Control systems: centralised vs. distributed
12 czerwca 2019

It is a question every designer of industrial machinery must face. Should control of the equipment’s various moving parts be centralised in an all-powerful PLC, or should it be distributed across the parts, in individual drives located close to the motors?

In order to answer the question, a variety of factors needs to be taken into consideration. In some cases, a centralised control architecture will recommend itself; in others, decentralised will be preferable. On the whole, though, and thanks to recent advances in the power of servo drive technology, there is an observable trend towards models of distributed control.

Fifty years ago or so, when it was first developed, centralised control was a revolutionary concept. Back in the early days of hardwired industrial machines, engineers needing to modify or troubleshoot operations would have to pick their way through switchboards and relay walls massed with cables and wires, one for every function. These would become both more untidy and less reliable with every intervention.

The birth of the programmable logic controller (PLC)

The rise of computing power relegated these rats’ nests to history. With the birth of the PLC came the ability to control complex machinery digitally, from one vantage point, managing huge arrays of inputs and outputs in real time. And, by and large, PLCs have stood the test of time: they are fast, versatile, custom coded for precise suitability, and straightforward to troubleshoot.

Putting a controller together with drives and a power supply in a single, central location is these days standard practice – and still the preferred arrangement for complex systems with highly intertwined operations where the motors are reasonably close together.

The following drawbacks, however, should be noted: significant amounts of cabling (both for power and for feedback) may still be required to link the drives to the motors; a cabinet – potentially bulky – is necessary to house the control components; the cabinet needs effective air conditioning because of the concentration of generated heat; and, again because of the concentration, electromagnetic compatibility behaviour may be erratic.

Decentralised control, where it is feasible, eliminates or minimises these problems. The reduced amount of wiring required by distributed drive architecture is especially striking: in the case of a machine with, say, eight axes and motors anything between one and five metres apart from each other, connecting up a central control cabinet might require well over 200 metres of cable; relocating the drives from the cabinet to the motors themselves could cut total cabling to under 50 metres.

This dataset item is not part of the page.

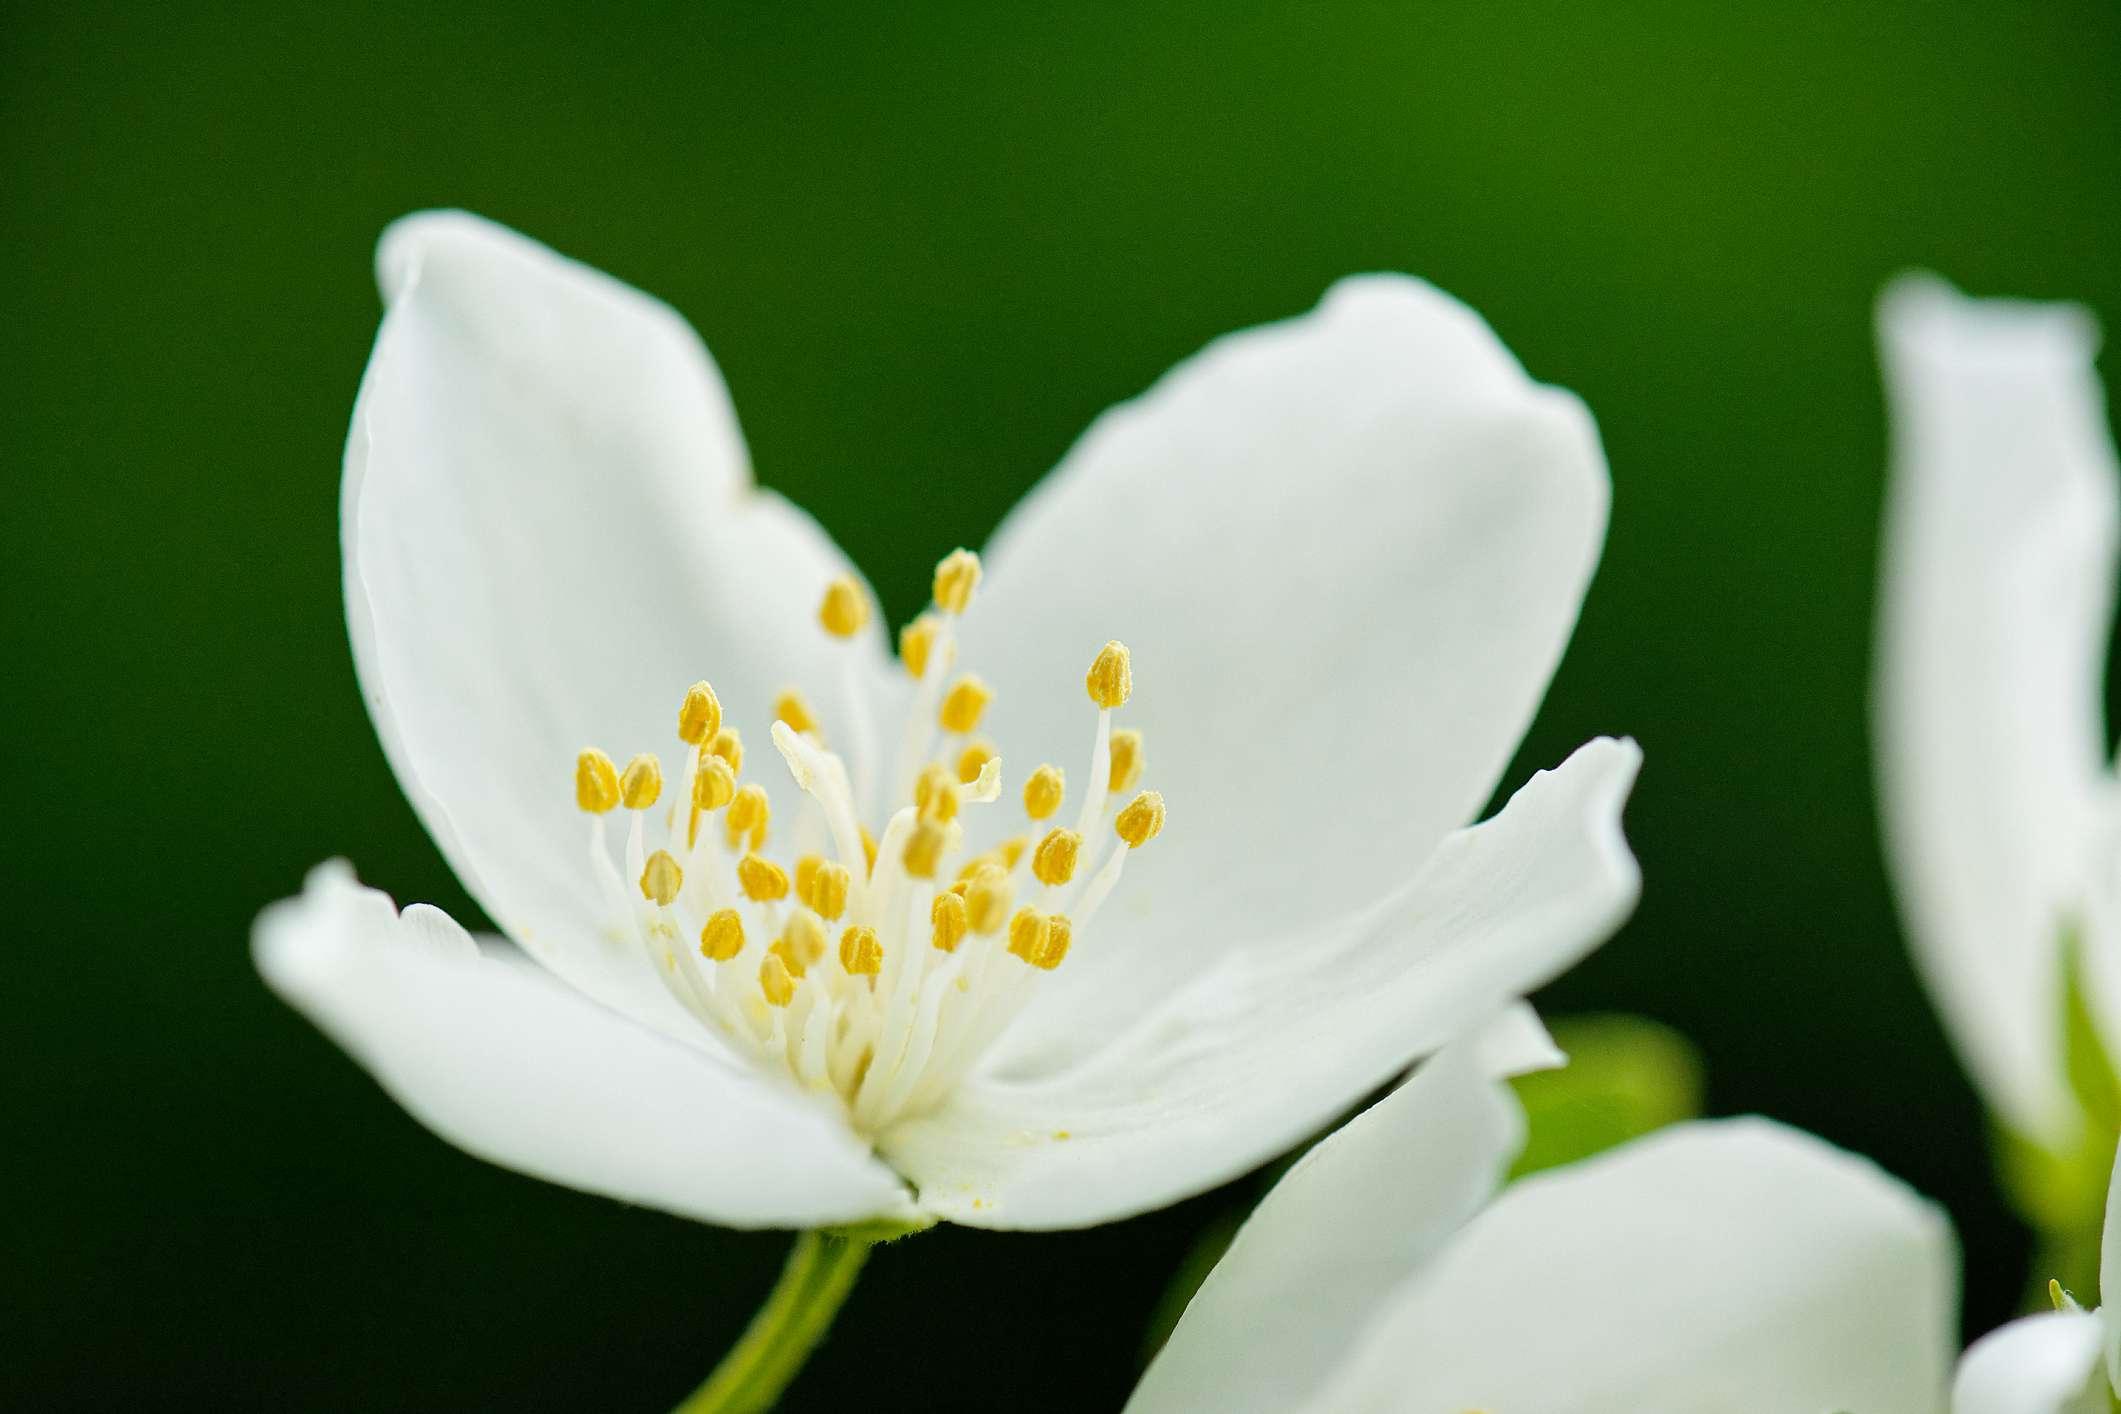 Flower of Philadelphus inodorus

Less wiring means less that can go wrong: fewer connection points; fewer vulnerabilities; less electrical interference; less heat; less maintenance. Speed can be an issue too. The faster response time achieved by having a dedicated controller close to the motor and its axis, even if it is only fractional, may be important. And a single central controller running a lengthy program can be problematically slow for some processes.

The benefits of a decentralised control system

There are, of course, limits to how far control can, or should, be decentralised. It is not always safe, practical or indeed necessary to spread controllers around a system, particularly where there is limited mounting space within the machine or in locations where added heat generation might present a problem. Furthermore, where sets of processes always work tightly together, distributing control across them can create needless complexity. Generally speaking, the more physically dispersed process equipment is, and the more operationally independent of each other the processes are, the more sense it makes to distribute control.

A well-designed distributed control system should be relatively easy to maintain and update. Adding a new process to a centralised set-up, for example, usually requires system-wide downtime while the program is modified and the result tested to iron out unwanted effects on the whole. If a new process comes with its own controller, on the other hand, much of the functionality can be tested and established prior to connection, with downtime – and risk to the complete system – accordingly minimised.

Of course, the simplicity of this experience can be lost if engineers are having to cope with too many different kinds of devices from different manufacturers. In practice, multiplying problems such as spare part availability and specialist software knowledge could all too easily annul the efficiency gains intended by a decentralised architecture. Where possible, therefore, standardisation of materials should be no less important to these designs than it naturally is to a centralised system.

In fact, the current generation of smart drives offers strong possibilities in this area. Flexible drives, capable of performing both centralised and decentralised operations, have the potential to simplify a manufacturer’s stocking and programming requirements significantly; as well, of course, as expediting the design and commissioning process.

Freedom of design for the engineer is perhaps the greatest dividend offered by distributed control technology. Modularisation, in particular, becomes available as the natural mode of coordinating and extending machine processes when overall control ceases to be tethered to a central monolith. And the adaptability of modular design is increasingly called for by the demands of an ever more diverse and changeable marketplace.

Indeed the concepts of distribution and modularity have in recent times emerged as prominent themes in various industrial contexts: from distributed manufacturing to modular construction, and from modular software programming to distributed ledger technology. In all of these fields, designers are finding that systems are more scalable, more stable and more resilient when not built entirely around a single focal point. Such is the thinking, too, behind distributed system control.